Mark Canning

Personal information
- Date of birth: 12 September 1983 (age 42)
- Place of birth: Glasgow, Scotland
- Position: Midfielder

Team information
- Current team: Arthurlie

Senior career*
- Years: Team / Apps / (Gls)
- 2000–2005: Kilmarnock / 7 / (1)
- 2005: Stirling Albion / 16 / (1)
- 2006–2009: Dumbarton / 84 / (3)
- 2009–2010: Albion Rovers / 22 / (1)

= Mark Canning (footballer) =

Scottish footballer

Mark Canning (born 12 September 1983 in Glasgow) is a Scottish footballer.

==Career==

Canning started his career at Kilmarnock, making his debut on 23 August 2001 in a 1 – 0 win over Glenavon in the UEFA Cup. His league debut came nearly eight months later in May 2002, when he replaced Shaun Dillon during a 2 – 2 draw with Dundee United. However, Canning struggled to establish himself in the side and was released by Kilmarnock in 2005, joining Stirling Albion.
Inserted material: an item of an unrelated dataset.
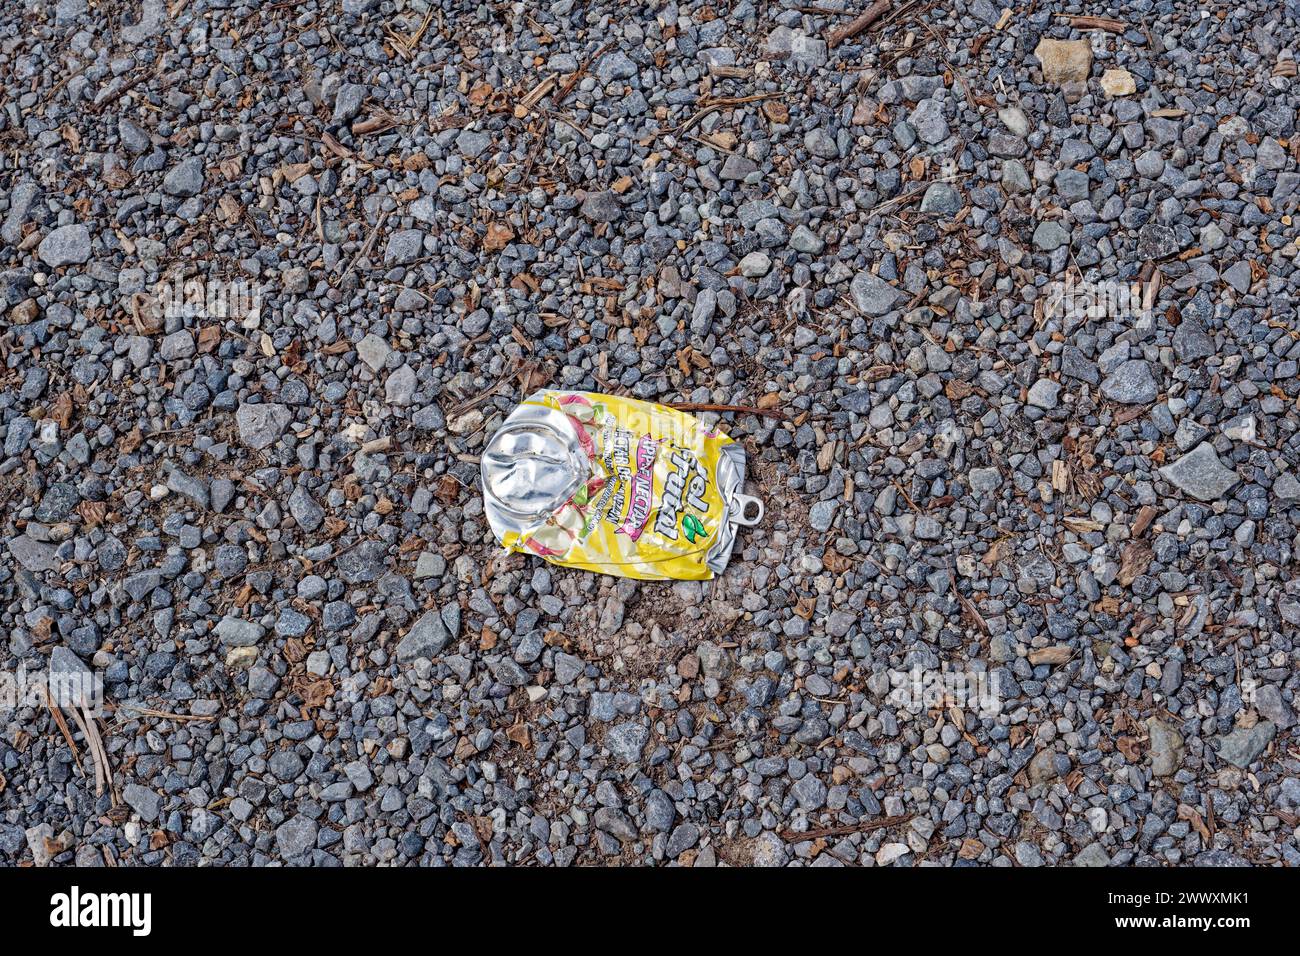 A bright and colorful soda or juice can flatten on the ground in the gravel parking lot closeup view with copy space Stock Photo

He remained at Forthbank Stadium for a short time, later joining Dumbarton, where he established himself in the first team, making over 90 appearances in all competitions during a three-year spell. Despite helping the side to the Scottish Third Division title, Canning was released by the club at the end of the season, instead signing with Albion Rovers. He made his debut on 25 July 2009 as a last minute substitute during a 2 – 0 win over Ayr United in the Challenge Cup, his first goal coming on 10 October in a 2 – 0 win over Elgin City.

On 27 August 2010, Canning left Albion Rovers. He is now playing amateur football.

On 10 January 2020, Canning signed for Junior Side Arthurlie.